The Group said the biggest reductions remain on its Asia routes, which is now down 31 per cent compared with the same period last year.
It added that capacity reductions to the US, the UK, and trans-Tasman “will also be made in line with forward booking trends”.
Qantas said it will use smaller aircraft and reduce the flight frequency instead of temporarily suspending its services.
The airline added that this will result in the grounding of eight of its 12 Airbus A380 aircraft until mid-September this year. As for the remaining four A380s, the airline said two of them are undergoing “scheduled heavy maintenance and cabin upgrades”, while the other two are still flying.
Qantas launched its first upgraded A380 aircraft in October last year, with new business class seats and a redesigned upper deck lounge.
The Australian flag carrier will also temporarily reroute its existing Sydney-Singapore-London round-trip service (QF1 and QF2) to become a Sydney-Perth-London service from April 20 in response to “strong customer demand” for the direct Perth-London service.
However, the launch date of its new Brisbane-Chicago service will be postponed from April 15 to mid-September. Its Brisbane-San Francisco service will also be suspended from April 18.
As for domestic services, the Group said both airlines’ capacity reductions will be increased from three to five per cent in total through mid-September this year, “in line with broader economic conditions”.

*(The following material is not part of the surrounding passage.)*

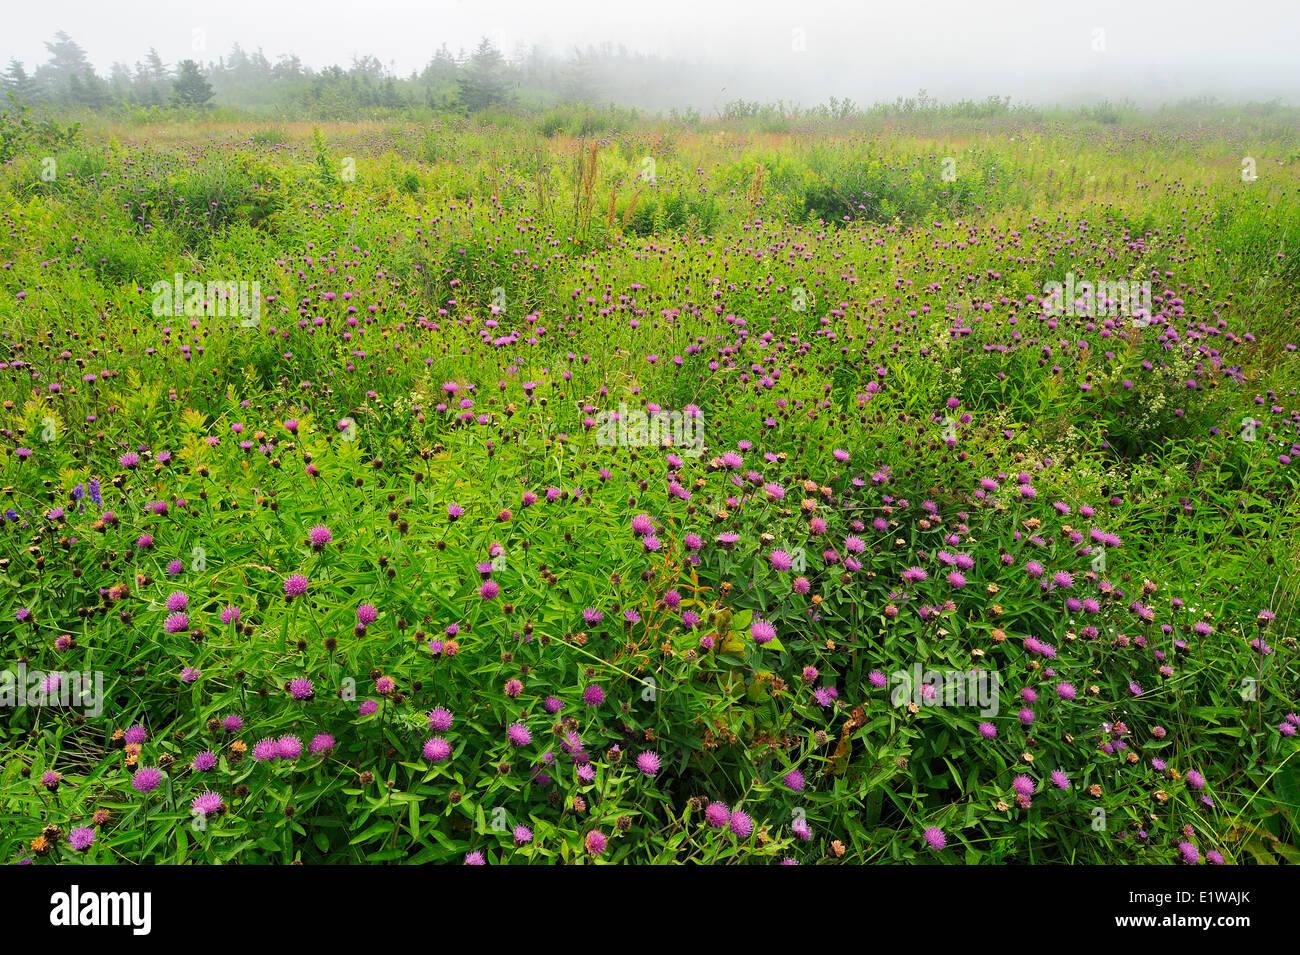 Thistles at Pond Cove, Brier Island, Nova Scotia, Canada - Stock Image

It added that this is the equivalent of grounding 38 Qantas’ and Jetstar’s aircraft across their international and domestic network, including seven from Singapore-based Jetstar Asia and nine across Jetstar Japan and Vietnam-based Jetstar Pacific.

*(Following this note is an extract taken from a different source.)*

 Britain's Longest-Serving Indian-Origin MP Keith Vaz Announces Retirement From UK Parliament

Its low-cost subsidiary Jetstar will also make “significant cuts” to its international network, which, according to the Group, includes the suspension of flights to Bangkok, and the reduction of services from Australia to Vietnam and Japan “by almost half”.
Jetstar’s daily Gold Coast-Seoul service was suspended last week.
The table below shows Qantas’ capacity changes until mid-September this year:
|Route||Changes||Effective dates (until mid-September 2020)|
|Sydney-Tokyo||B747 replaced by smaller A330||March 30|
|Melbourne-Singapore||Seven return flights per week cancelled (QF37/38)||April 20|
|B787 replaced by larger A330 on seven return flights per week (QF35/36)||May 4|
|Sydney-London Heathrow||Flights to operate via Perth instead of Singapore (Sydney-Perth-London instead of Sydney-Singapore-London)||April 20|
|Perth-London to become double daily as a result|
|A380 replaced by smaller B787|
|Brisbane-Chicago||Launch date postponed||Initially on April 15|
|Brisbane-San Francisco||Suspended||April 18|
|Sydney-San Francisco||B787 replaced by larger B747||April 18|
|Melbourne-San Francisco||Suspended||April 18|
|Sydney-Dallas Fort Worth||A380 replaced by smaller B787||April 20|
|Melbourne-Los Angeles||A380 replaced by smaller B787||June 1|
|Sydney-Vancouver||Seasonal service suspended||June and July only|
|Sydney-Santiago||Planned B787 introduction to be delayed (continue to be served by B747)||August 1|
According to the Group, Qantas’ Boeing B787 aircraft has about 250 fewer seats than an A380 aircraft.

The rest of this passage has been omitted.